Commentary

The Harness Is the Cheap Part: Notes on Rebuilding Claude Code

A commentary on Fareed Khan's from-scratch rebuild of Claude Code — and why its central conclusion should be flipped.

Aleksandr Khomutov Original author: Fareed Khan May 23, 2026 ≈ 6 min

Fareed Khan — an engineer who writes for Level Up Coding — wrote twenty thousand words on how to rebuild Claude Code from scratch: the agent loop, the tool dispatcher, three-layer context compression, subagent isolation, FSM protocols between agents, a git worktree per task. He called the repository "23 Components of the Claude Code Architecture."

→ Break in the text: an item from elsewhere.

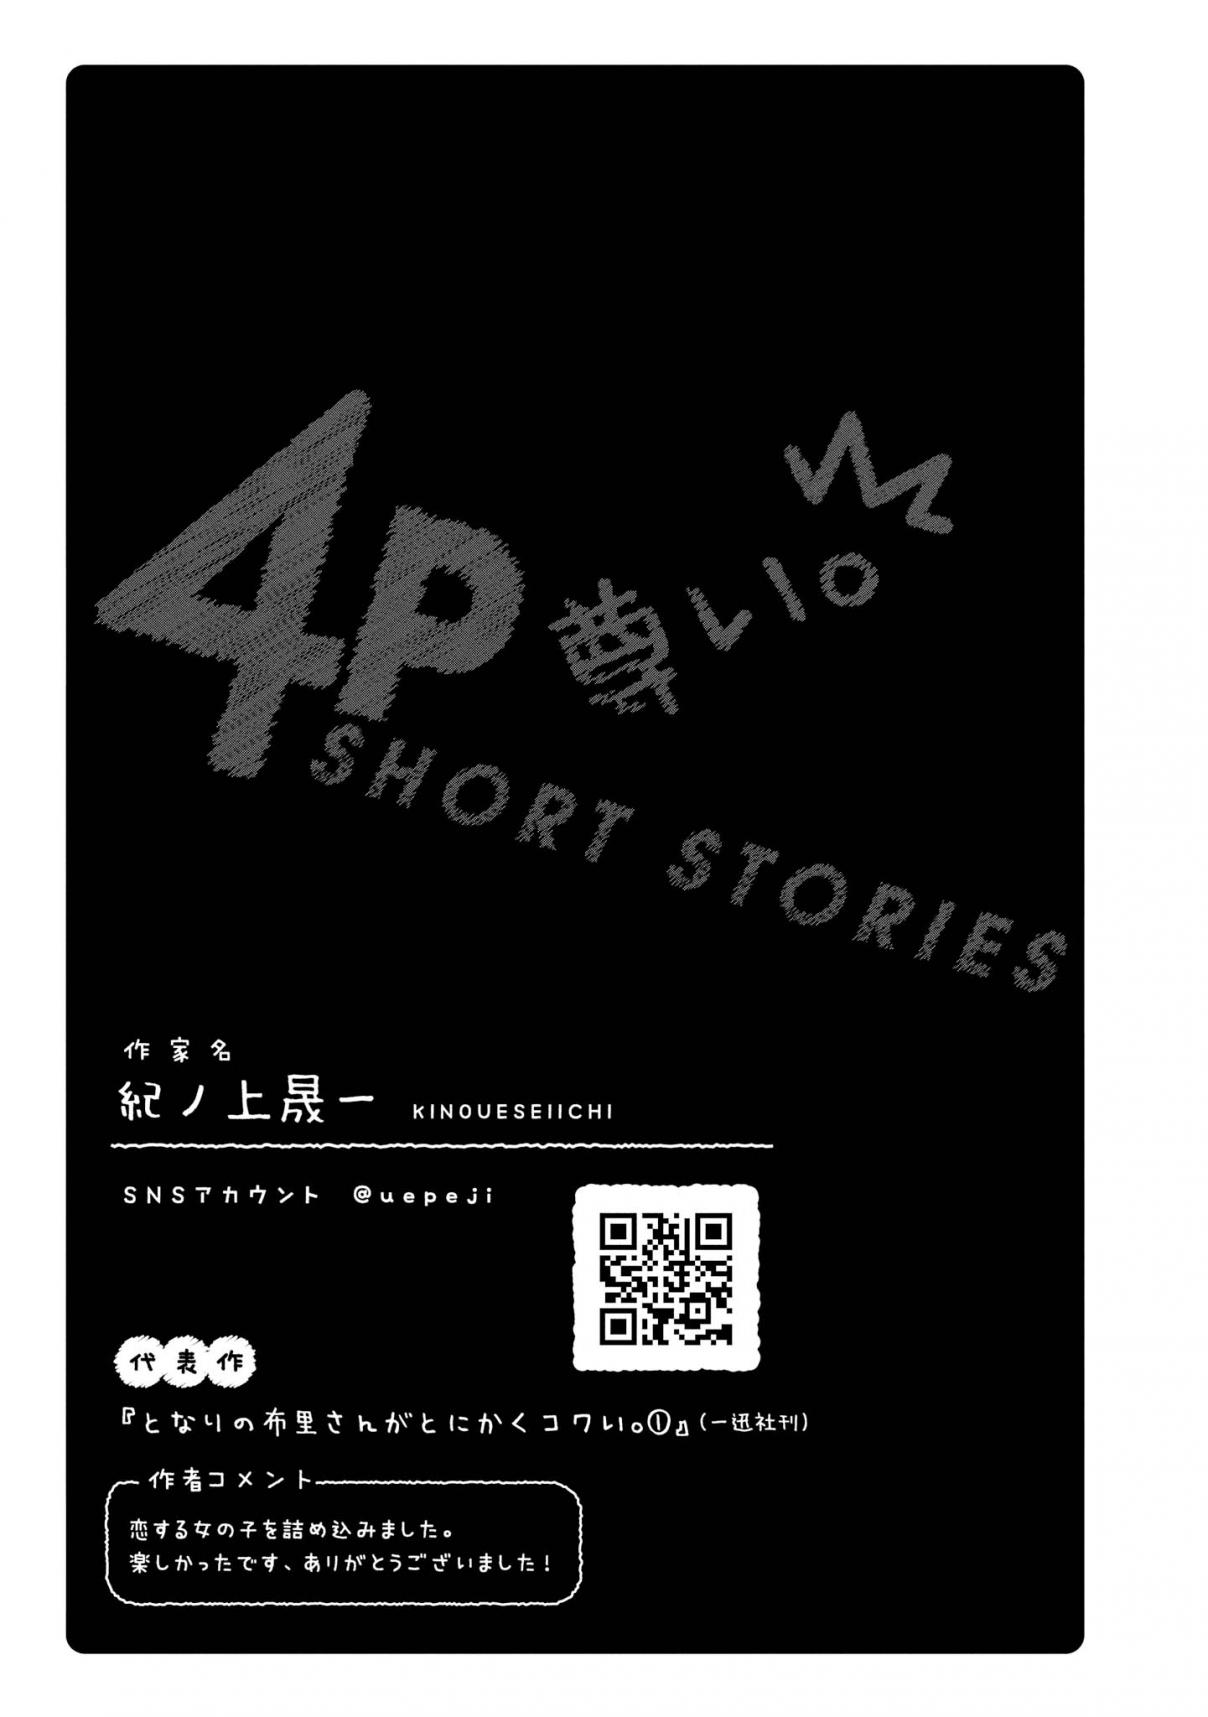 Precious 4p Short Stories Ch. 25 Positive Advancement [by Kinoue Seiichi]

I live inside this harness every day — writing skills, agents, hooks and context routing for it — and I want to lead with the point: the article is excellent as a map of the mechanism and dangerous as a call to action. Because the conclusion it invites — "so I could build my own Claude Code" — is the exact opposite of the right one.

What gets reconstructed is precisely the part that costs nothing

Khan states the thesis accurately: "Anthropic built the right harness around the right model," and the harness is "fully reproducible." The first half is true. The second is true only in the sense that a skeleton is reproducible: a while True loop that calls the model, runs a tool call, feeds the result back. That's forty lines. I could write them in an evening, you could, and the author did.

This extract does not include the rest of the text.